ABOUT THIS TASK:
You are asked to repeat the listing word for word and to leave out its pictures.

SUPPLIED DATA:
==*==
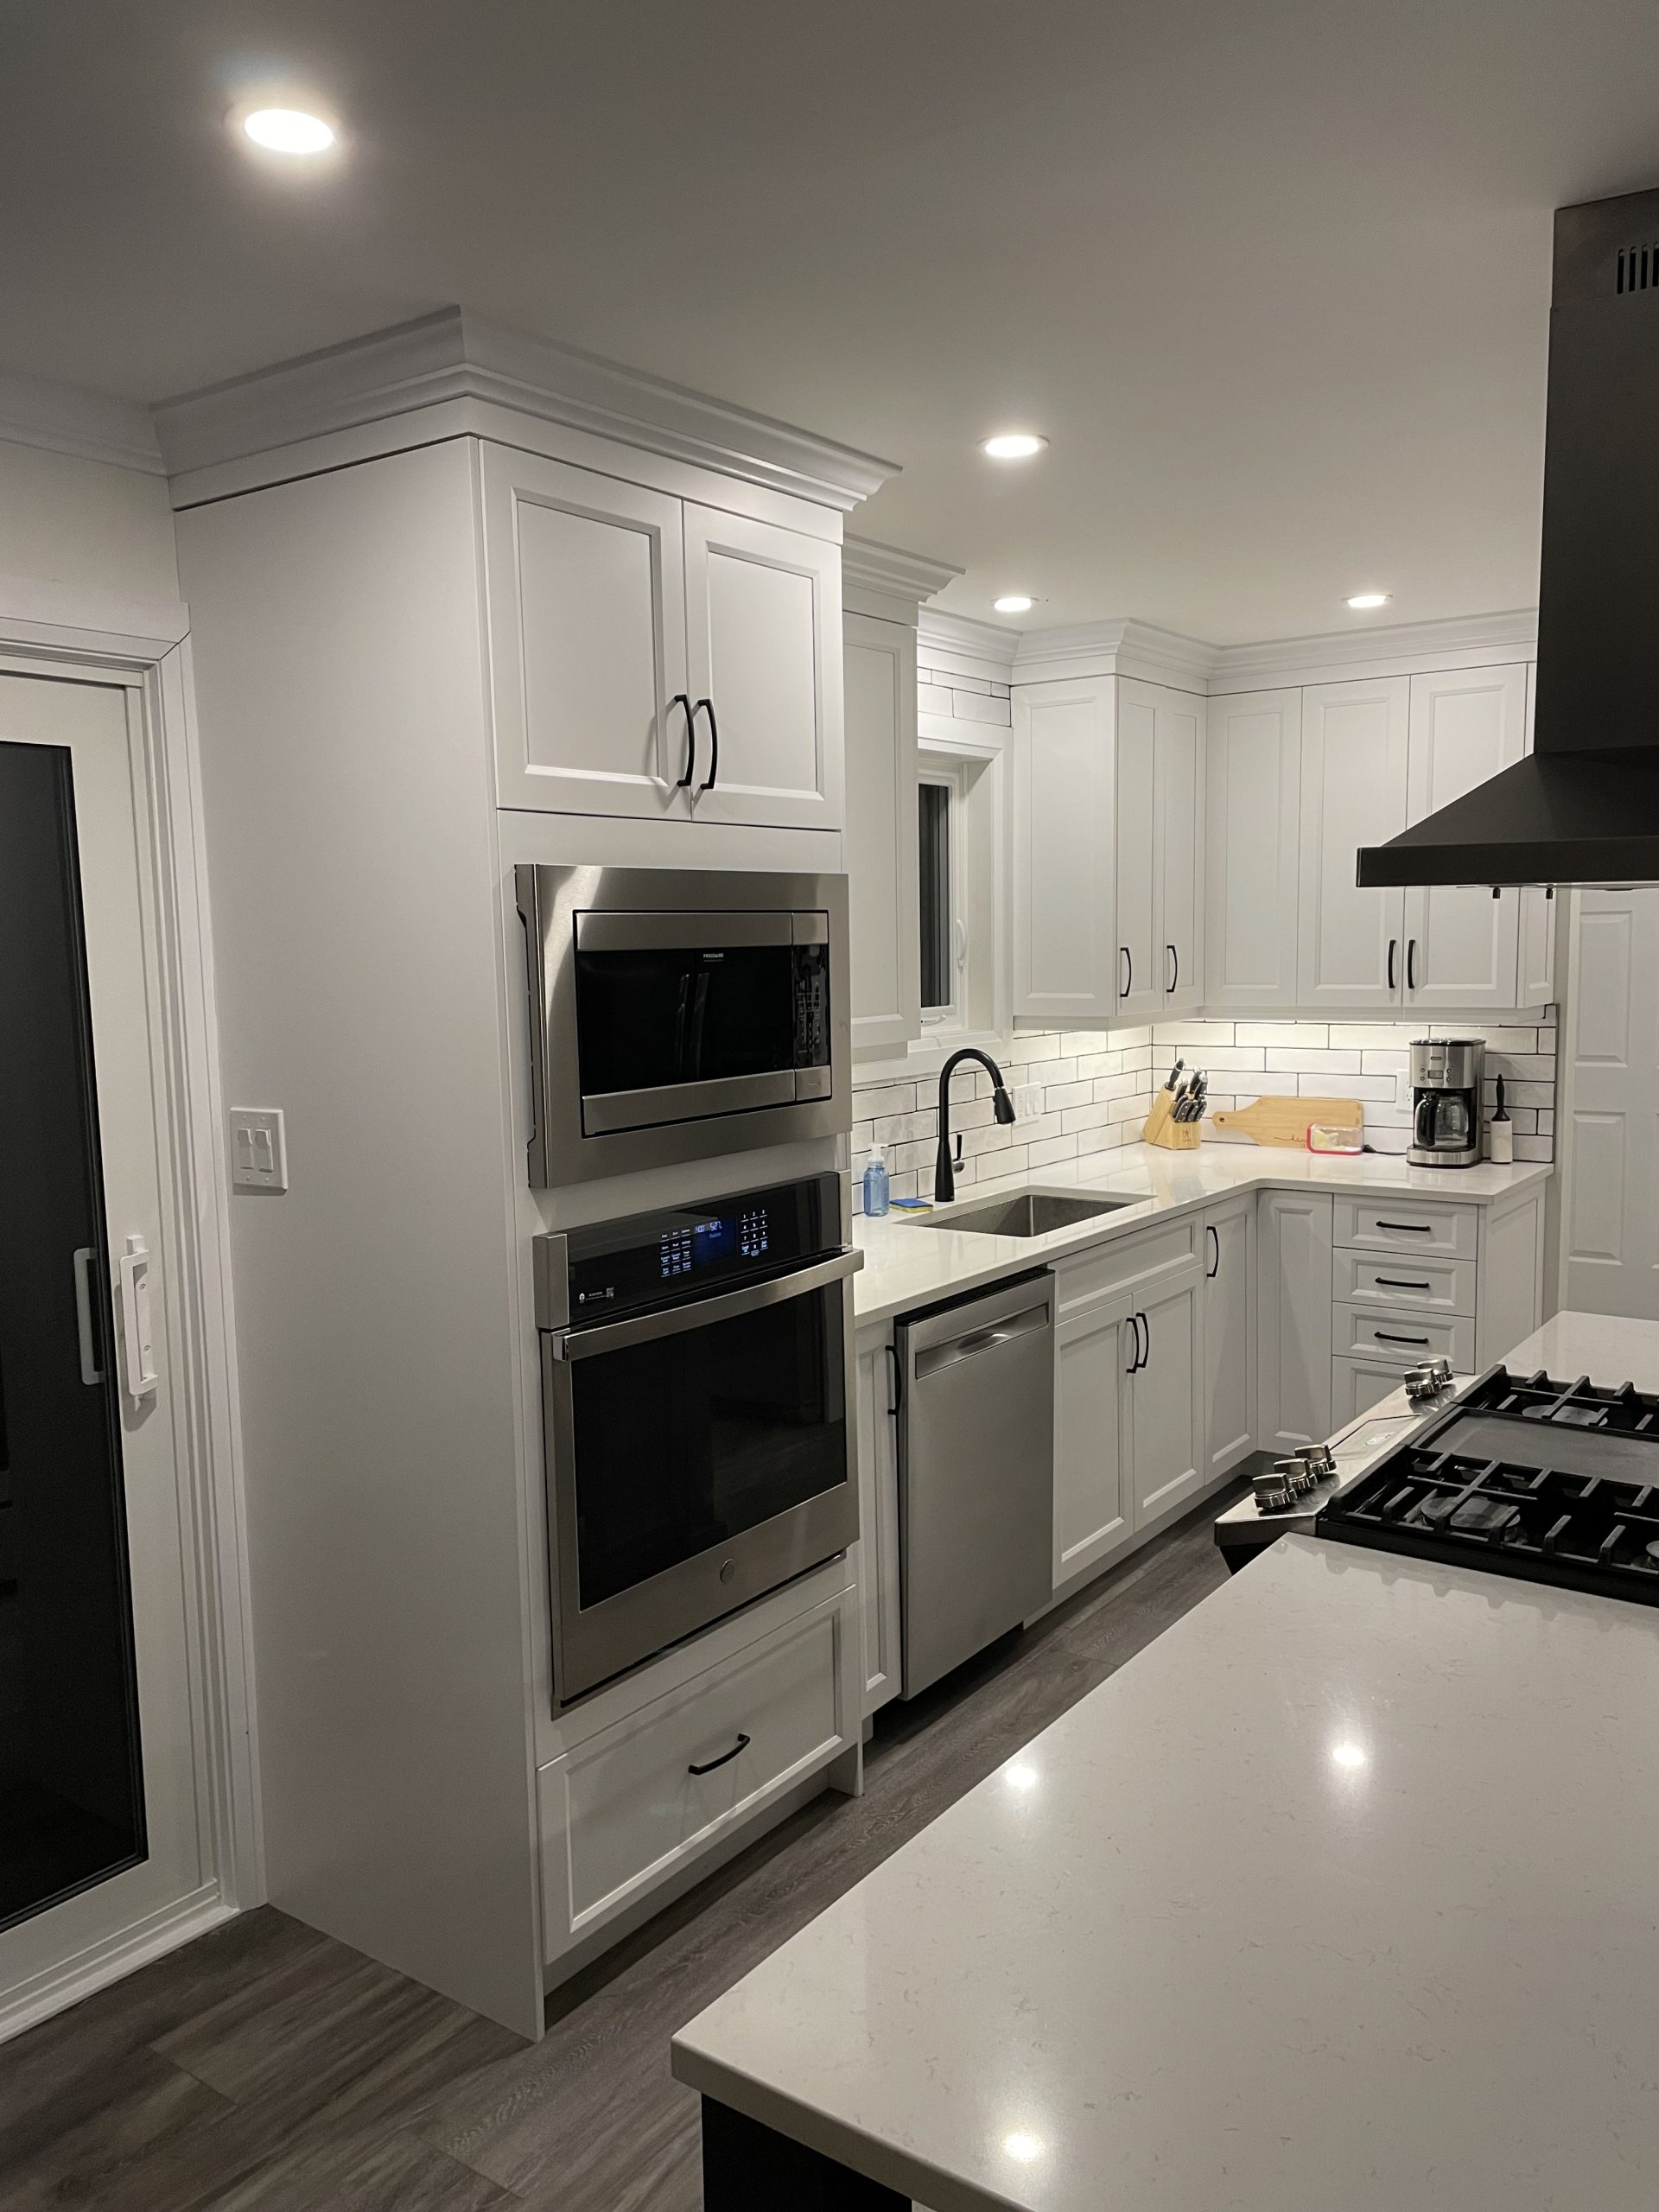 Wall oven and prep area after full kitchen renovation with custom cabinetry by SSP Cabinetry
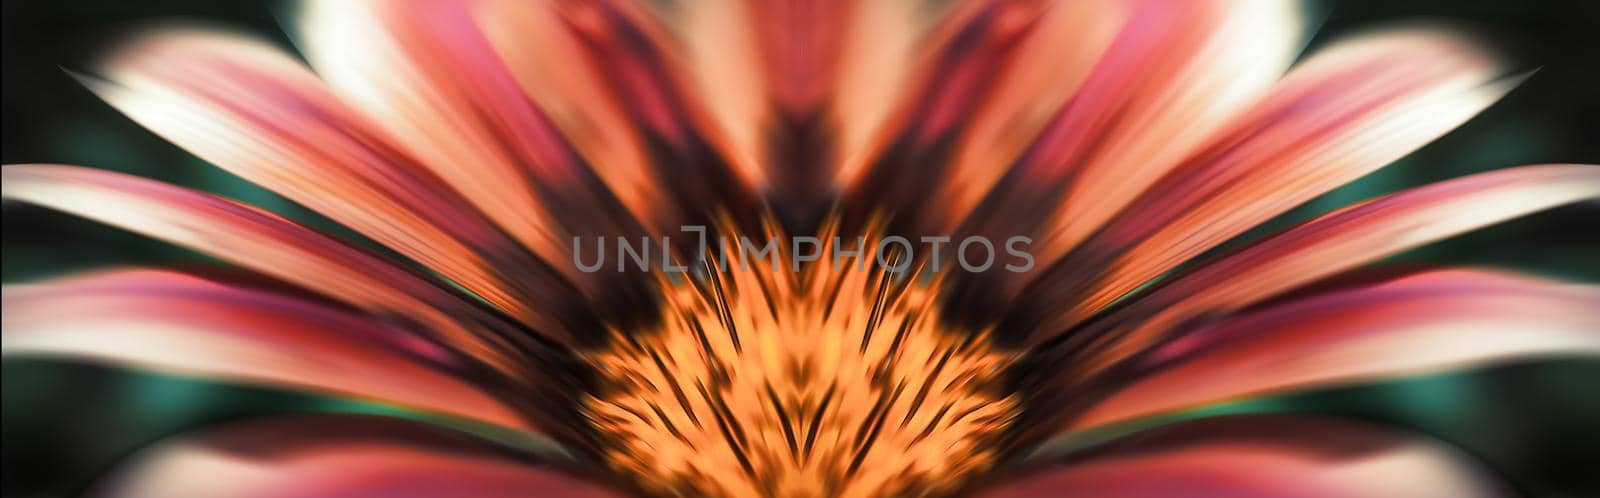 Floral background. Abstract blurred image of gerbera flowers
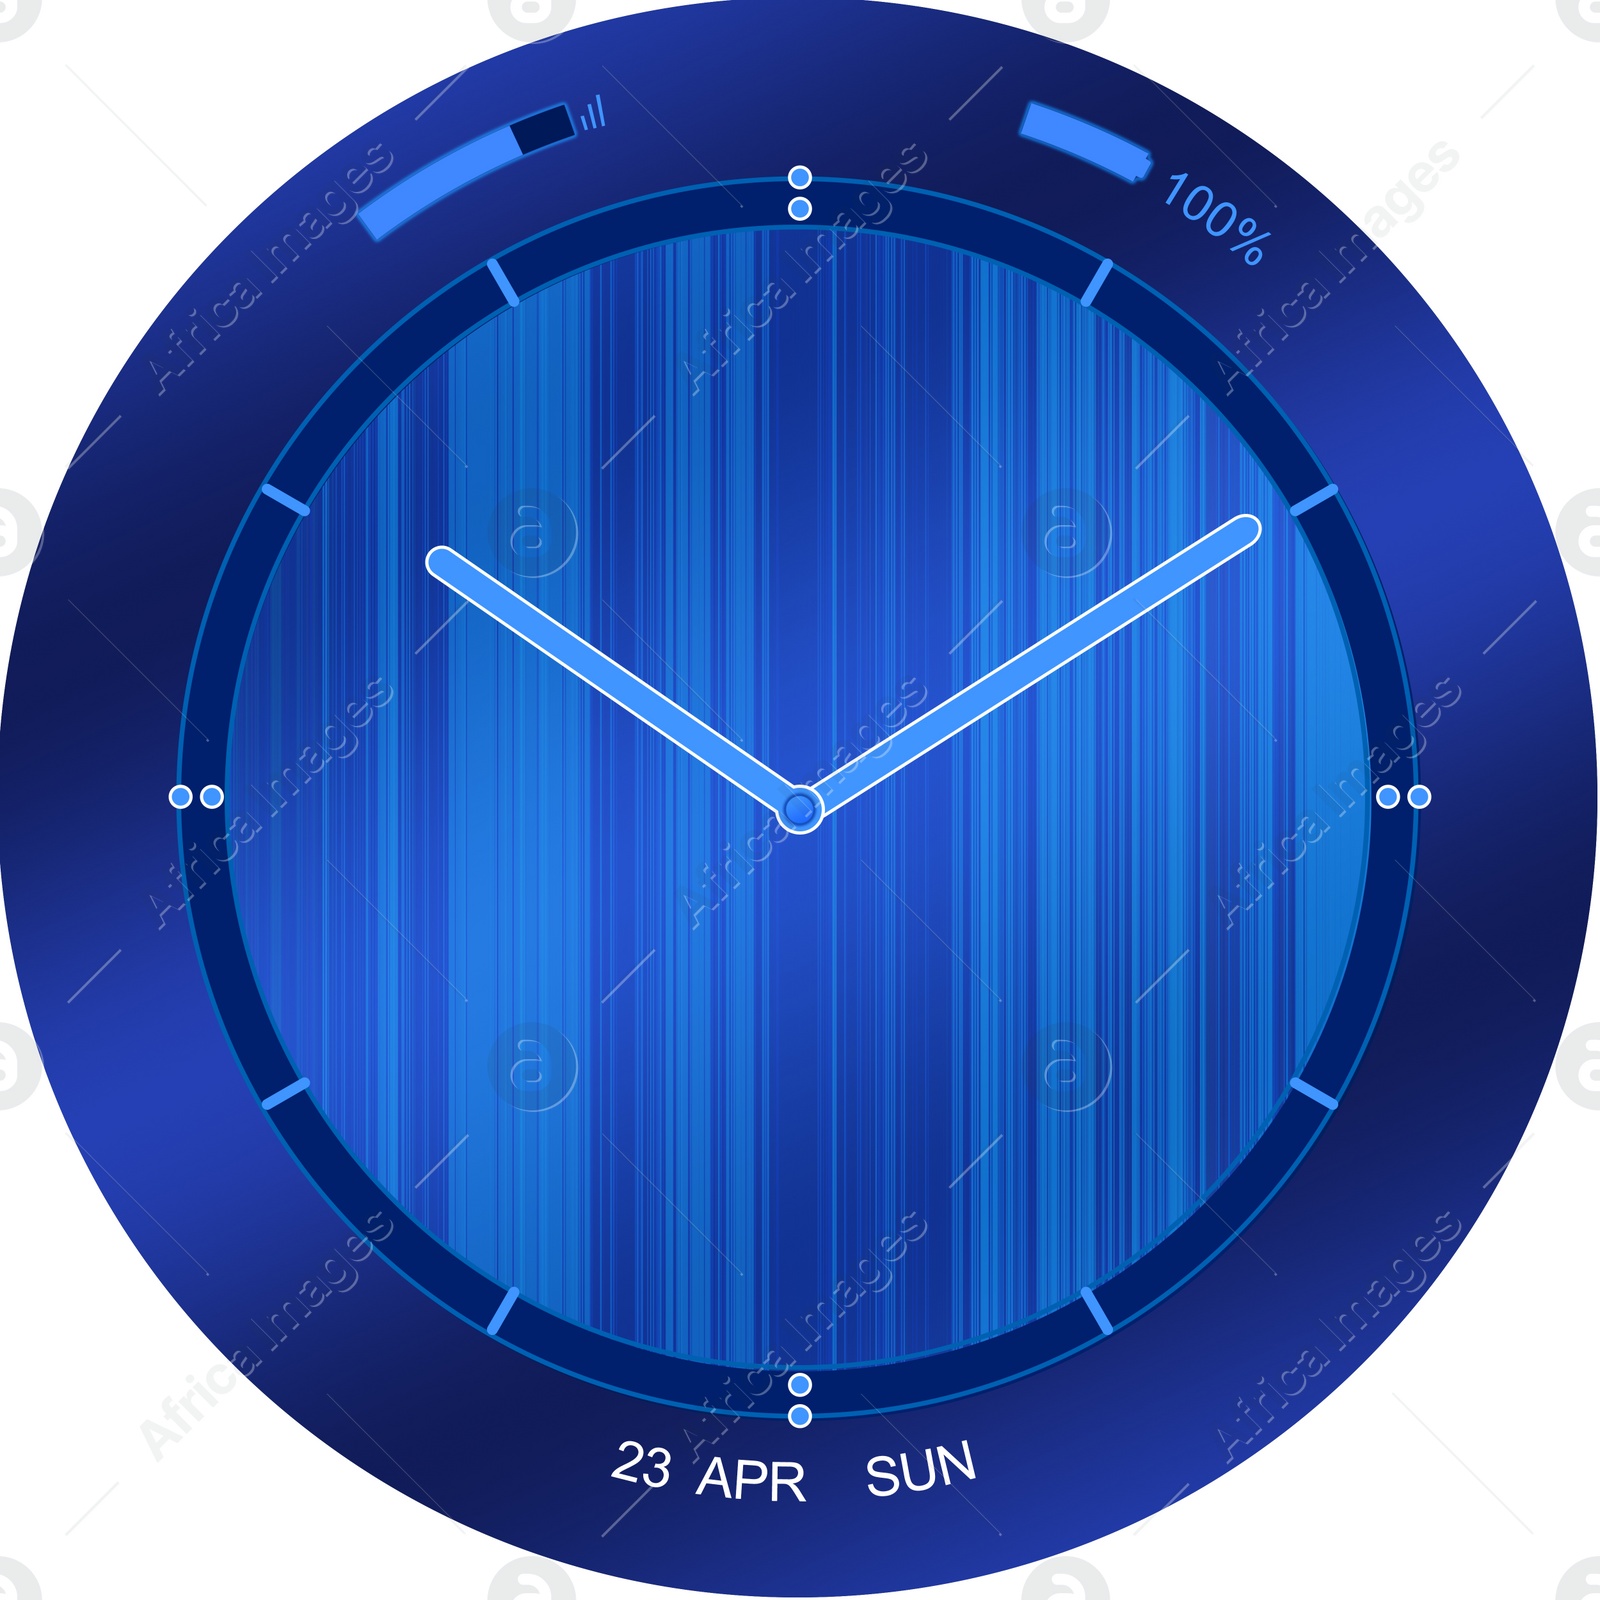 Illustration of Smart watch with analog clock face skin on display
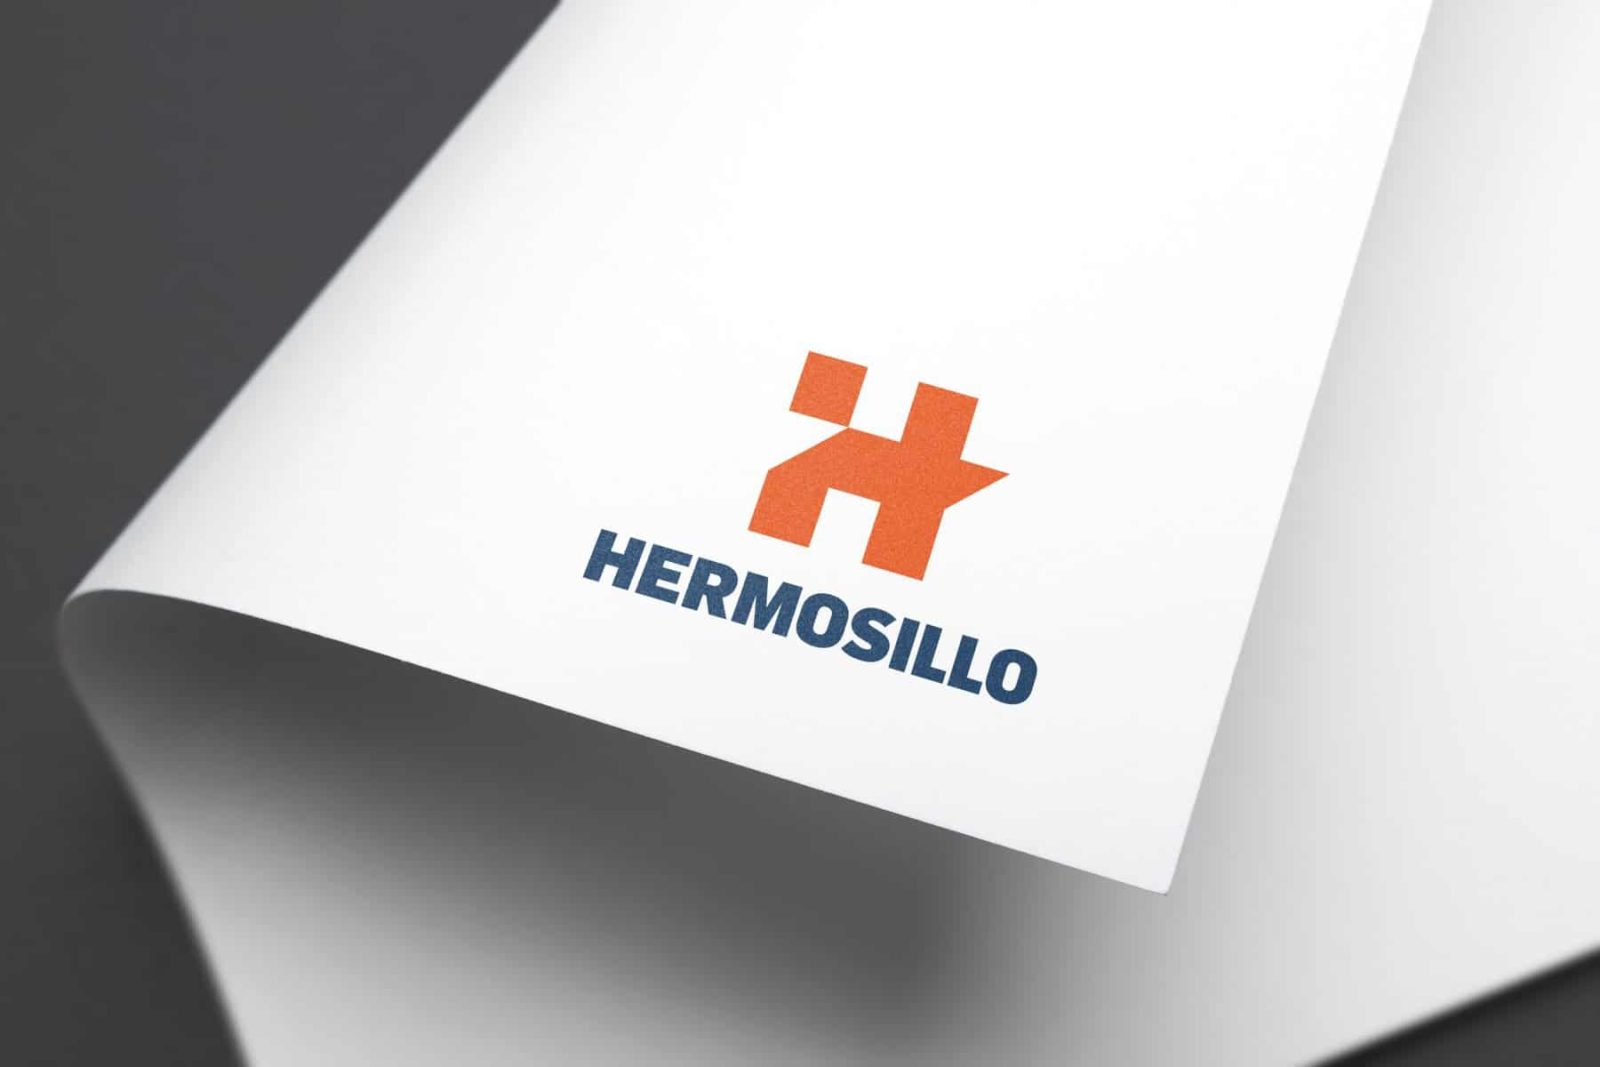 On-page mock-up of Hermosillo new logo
==*==
RESPONSE:
 Wall oven and prep area after full kitchen renovation with custom cabinetry by SSP Cabinetry
 Floral background. Abstract blurred image of gerbera flowers
 Illustration of Smart watch with analog clock face skin on display
 On-page mock-up of Hermosillo new logo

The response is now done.